Tuesday, June 14, 2011
3 Ways to Be a Better Writer
People (meaning aspiring writers) often wonder if writing can be taught, and how much, or if its something you either have or you don't. I've been wondering about this quite a bit lately, basically because I've felt like I've reached a sort of plateau in my writing career, and have been looking for ways to revitalize my writing and give it an extra boost.
Here's how I see it. I think a person has to have a certain amount of instinct to see what works and what doesn't, and how to create things that lean more towards the working side, and a lot of that has to come naturally. But I think more can be taught then people realize or expect. If you're looking for ways to improve your writing, as we all should be, here are three things that I think can make all the difference.
1. Read, read, read, read, read, read, read, and read. Oh yeah, and read. Even if you have little or no natural instinct about good writing, reading great literature from an early age can pretty much teach you all you need to know as far as that goes. I can't think of a better way to learn than by watching a master at his craft. This is advice you'll get from EVERY writer giving advice, and for good reason. I think most of us are voracious readers, but I want to expand the definition of that phrase. Read people and experiences and life and other kinds of art. They all have things to teach and stories to tell. Be voracious about everything.

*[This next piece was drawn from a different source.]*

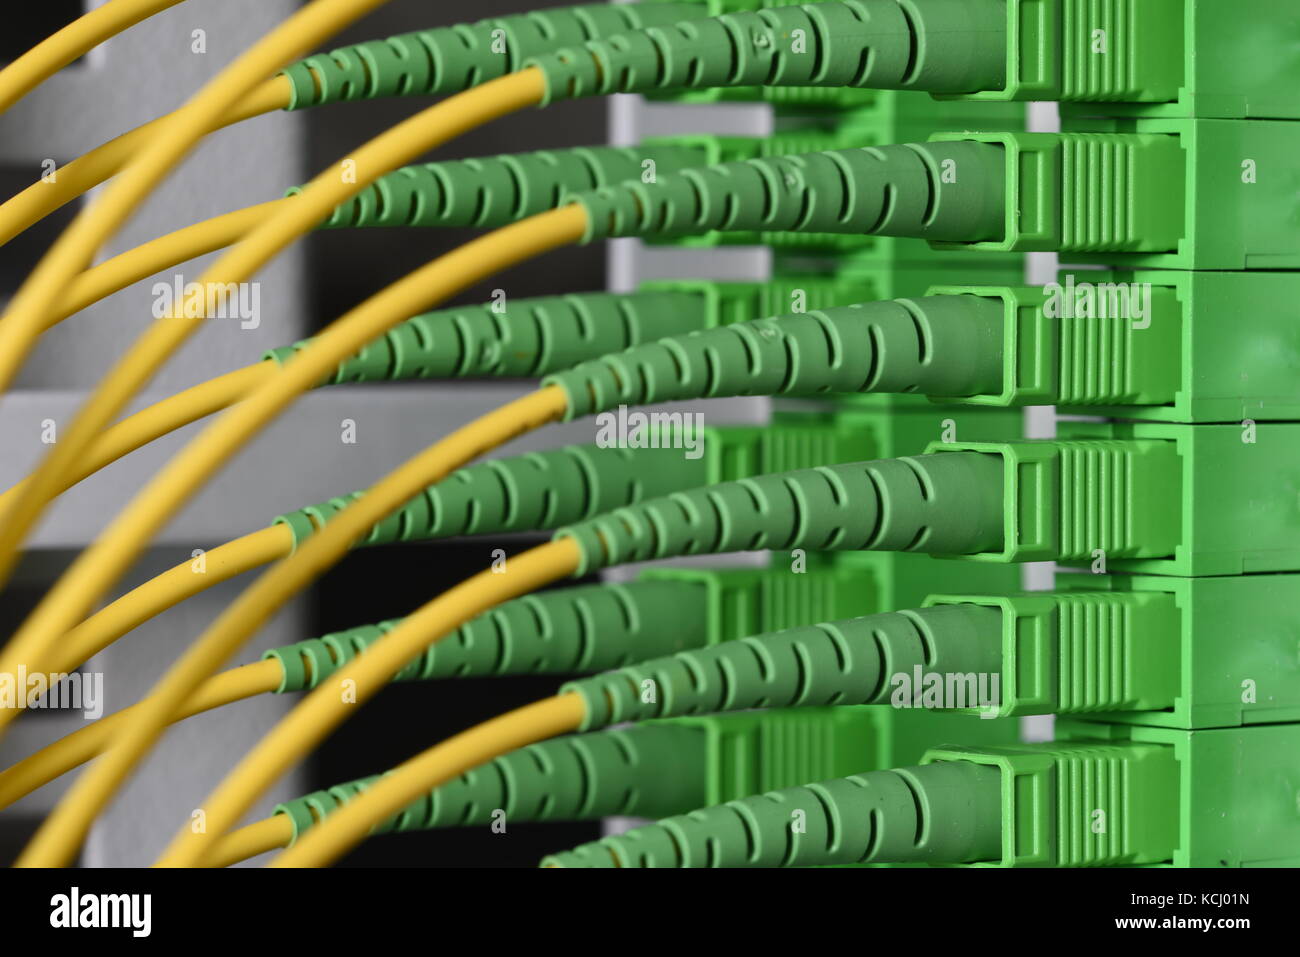 Fiber optical network cables Stock Photo
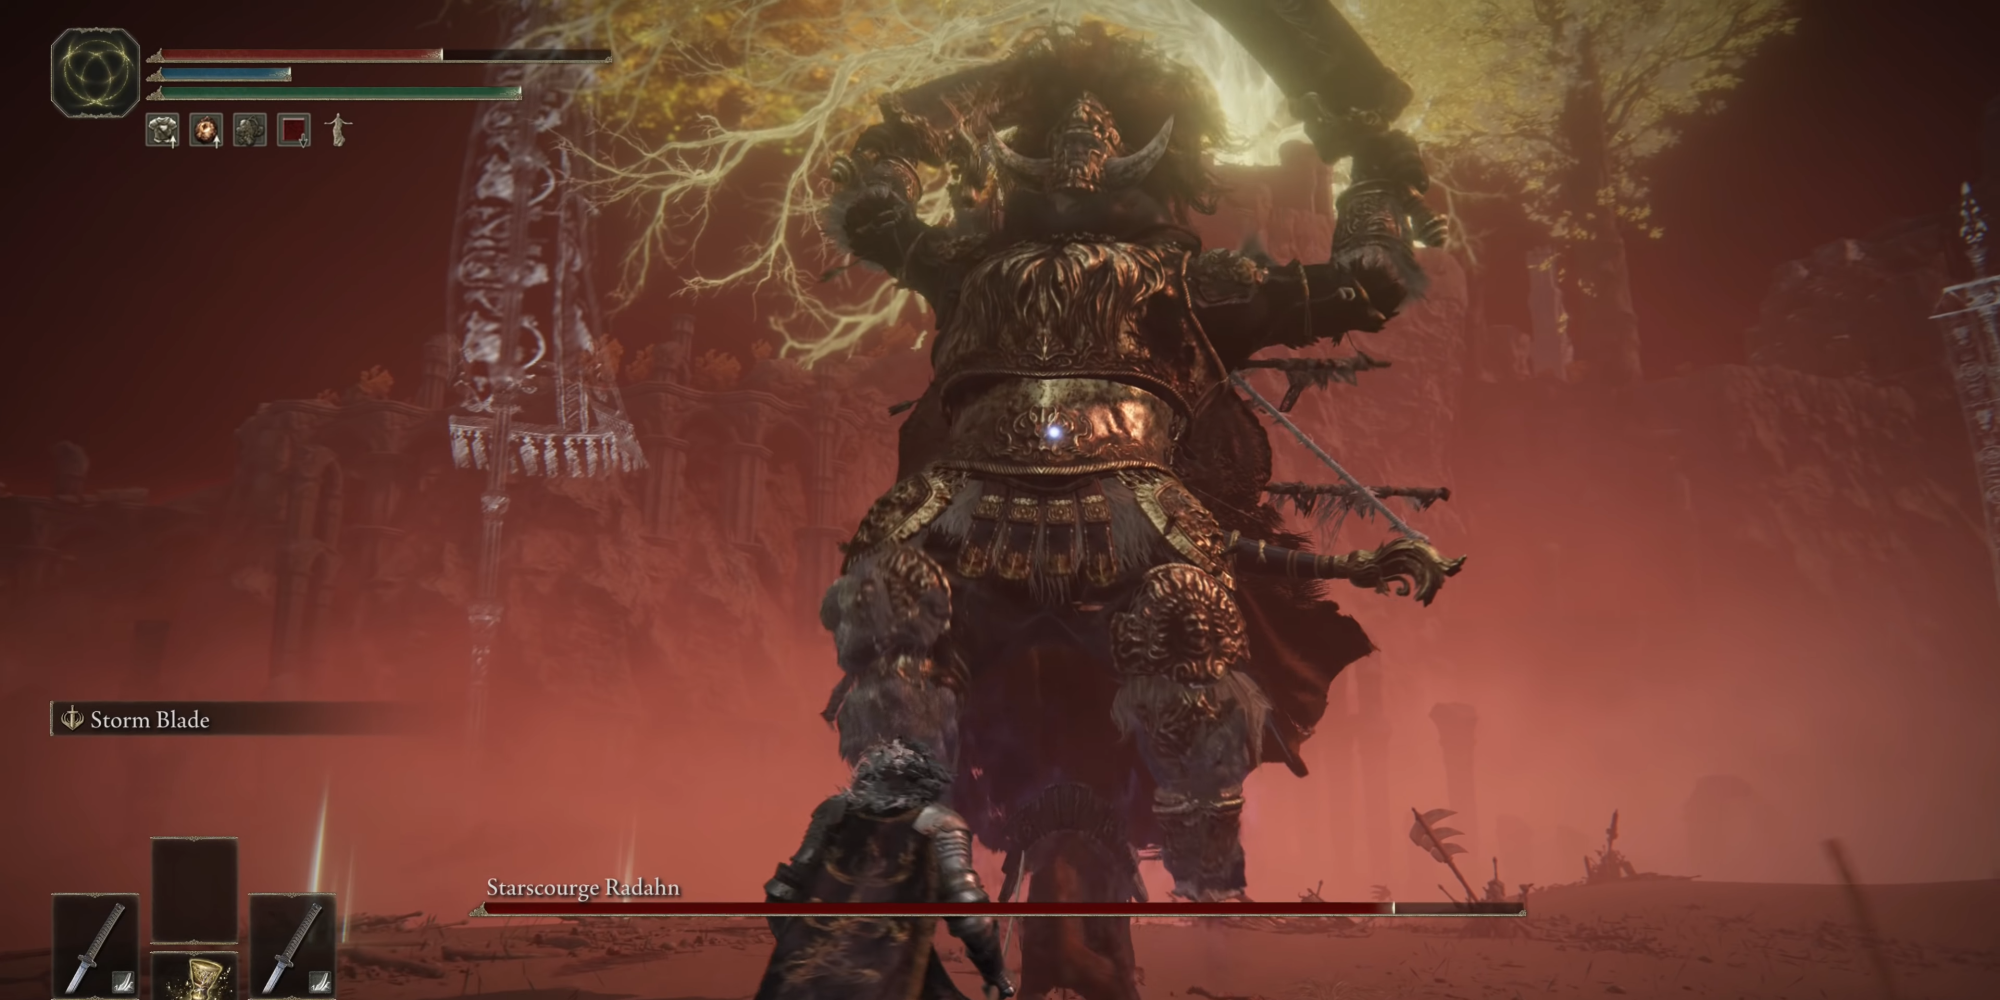 This image shows Starscourge Radahn using his jump attack in Elden Ring.

2. Know the rules. Notice I said "know", not "follow" necessarily. Read all the good writing books out there (yes, more reading). On Writing, Elements of Style, Writing the Breakout Novel, all give super great and logical advice. Know the knit-picky rules about adverbs and dialog tags and grammar and cliches. Know the rules, know how to use them, and then do whatever you want. The rules are there for a reason, but they are tools, not chains. You can even break the rules in a bad way and still be not only published but incredibly successful. *ahem* stephanie meyer *ahem*.
3. Get to that thing at your deepest core. This one's a bit harder to explain, but please bare with me. See, the reading and writing rules are all well and good, but that only takes you so far, and its in going beyond that things get very personal. You can have a grammatically impeccable story based on Shakespeare, Dickens, AND Dostoevsky and still have it feel flat and meaningless. The reason Shakespeare and Dickens and Dostoevsky reach us so powerfully is because they let themselves be vulnerable and never let up in their dig into the deepest recesses of human nature. I'm being abstract, and I hope you don't mind if I use myself as an example to help get more specific. Like I said, this is where it gets personal and I can't think of another way explain.
Here's what I mean by "thing" at your deepest core. Everybody has something, a subject or emotion that shakes you and impacts you in a greater-than-the-sum-of-its-parts kind of way. So, my example: I've got a sister who is 18 months younger than me. She is gorgeous and smart and incredibly talented and organized and is one of those make their bed even on Sundays kind of people. She is kind and generous and has always been able to make friends easily, at least so it appears to me. Not so easy for me. In elementary school there were a couple of years when I had to wear hearing aids, and I remember a time when she had a friend over, and I was sort of tagging along until the friend pulled me aside and told me she just wasn't used to playing with kids with hearing aids. So I went and read a book. Obviously that experience and the emotions and thoughts and ideas about myself that come from that kind of thing have stuck with me like a barnacle, and shaped me in ways both good and not so good.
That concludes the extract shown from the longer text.